The determination module is configured to perform the determination steps: determine the first frequency domain data corresponding to any microphone among the N microphones, and the second frequency domain data corresponding to the target microphone; determine the first frequency domain data and The first product of the cosine value of the sound pickup direction of any microphone, and the second product of the second frequency domain data and the sine value of the sound pickup direction of any microphone; according to the sound speed, the first product, the second The product determines the time delay of any microphone relative to the target microphone; the determination step is performed in a loop until the time delay of each microphone among the N microphones relative to the target microphone is determined.
The distributed wake-up speech enhancement device according to claim 9, comprising:

The determination module is configured to determine the convolution result of the target frequency domain data for each sound pickup direction and the weight vector corresponding to the target frequency domain data, and determine the M delays according to the convolution result. Add beams; determine the conjugate complex number of the convolution result of the target frequency domain data in each pickup direction and the weight vector corresponding to the target frequency domain data, and determine the M based on the conjugate complex number result subtraction and addition beams.
The distributed wake-up speech enhancement device according to claim 8, comprising:

In the case of M=3, the determination module is configured to linearly filter the first speech enhancement data in the first sound pickup direction according to the first preset algorithm to obtain the speech enhancement in the first sound pickup direction.

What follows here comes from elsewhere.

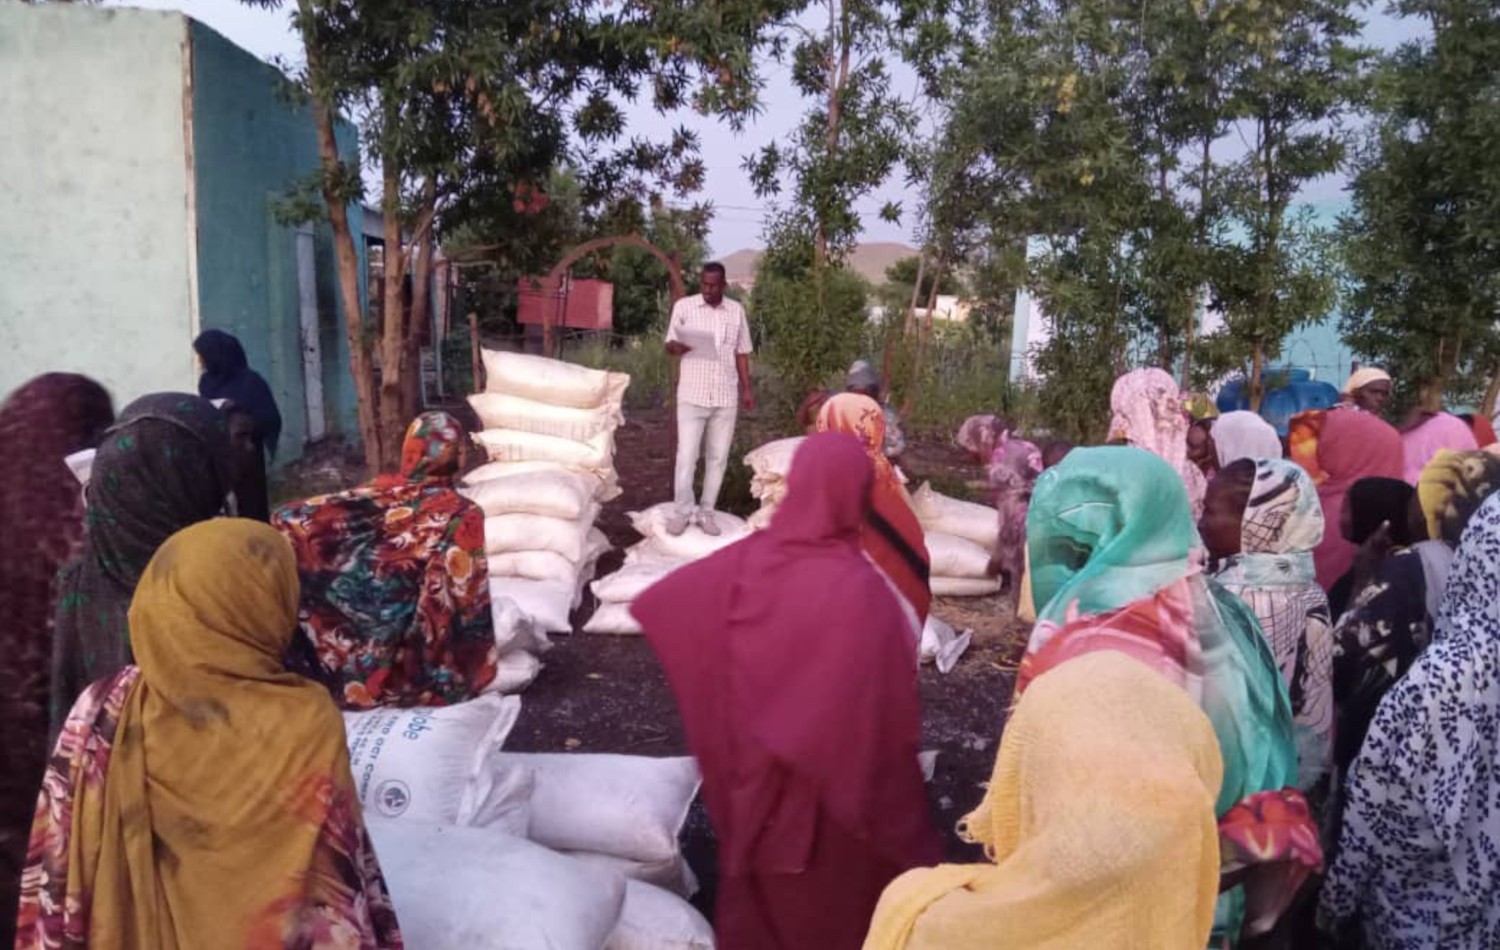 A crucial project to address the humanitarian and nutritional crisis in Sudan
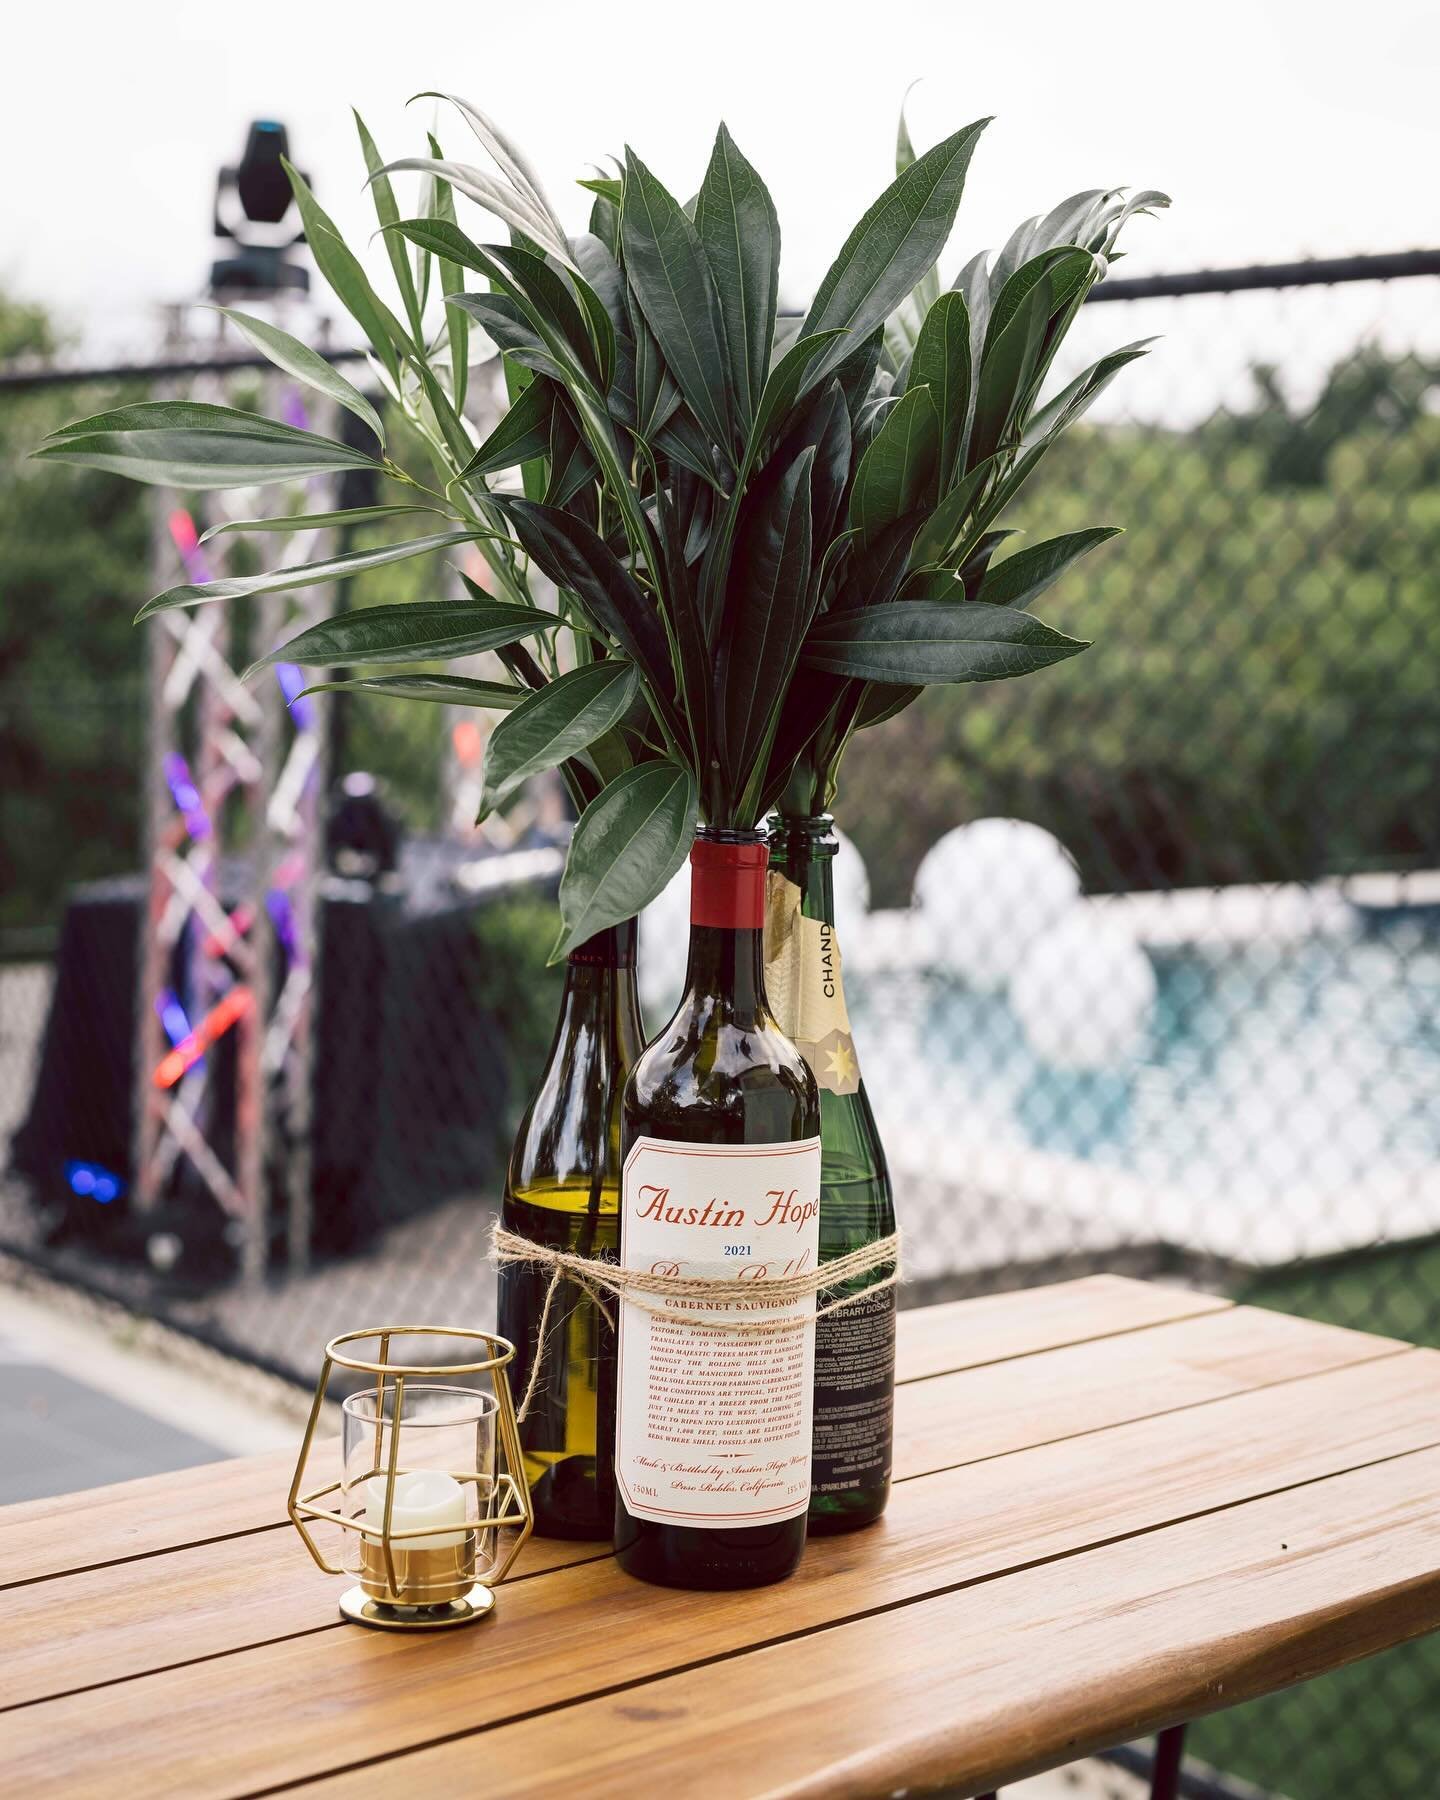 Each empty wine bottle we used for the centerpieces was enjoyed by our clients and kept as a memory of the great time they spent while drinking. Such a meaningful way to bring together an amazing 40th birthday!  #atxeventplanner #austineventplanner #

As a result, the first preset algorithm includes: using the delayed addition beam in the first pickup direction as the main beam, and using the speech enhancement results in the second pickup direction and the third pickup direction as noise parameters ; and perform linear filtering on the second speech enhancement data in the second sound pickup direction according to the second preset algorithm to obtain the speech enhancement result in the second sound pickup direction, wherein the second preset algorithm includes: Using the delayed addition beam in the second sound pickup direction as the main beam, using the speech enhancement results in the first sound pickup direction and the third sound pickup direction as noise parameters; and according to the third preset algorithm, the second sound pickup The third speech enhancement data in the direction is linearly filtered to obtain the speech enhancement result in the second sound pickup direction, wherein the third preset algorithm includes: adding the beam with delay in the third sound pickup direction As the main beam, the speech enhancement results in the first sound pickup direction and the second sound pickup direction are used as noise parameters; wherein, the first speech enhancement data, the second speech enhancement data, and the third speech enhancement data are the The output results of the speech enhancement model are described.
A computer-readable storage medium including a stored program, Wherein, when the program is running, the method described in any one of claims 1 to 7 is executed.
An electronic device includes a memory and a processor, a computer program is stored in the memory, and the processor is configured to execute the method described in any one of claims 1 to 7 through the computer program.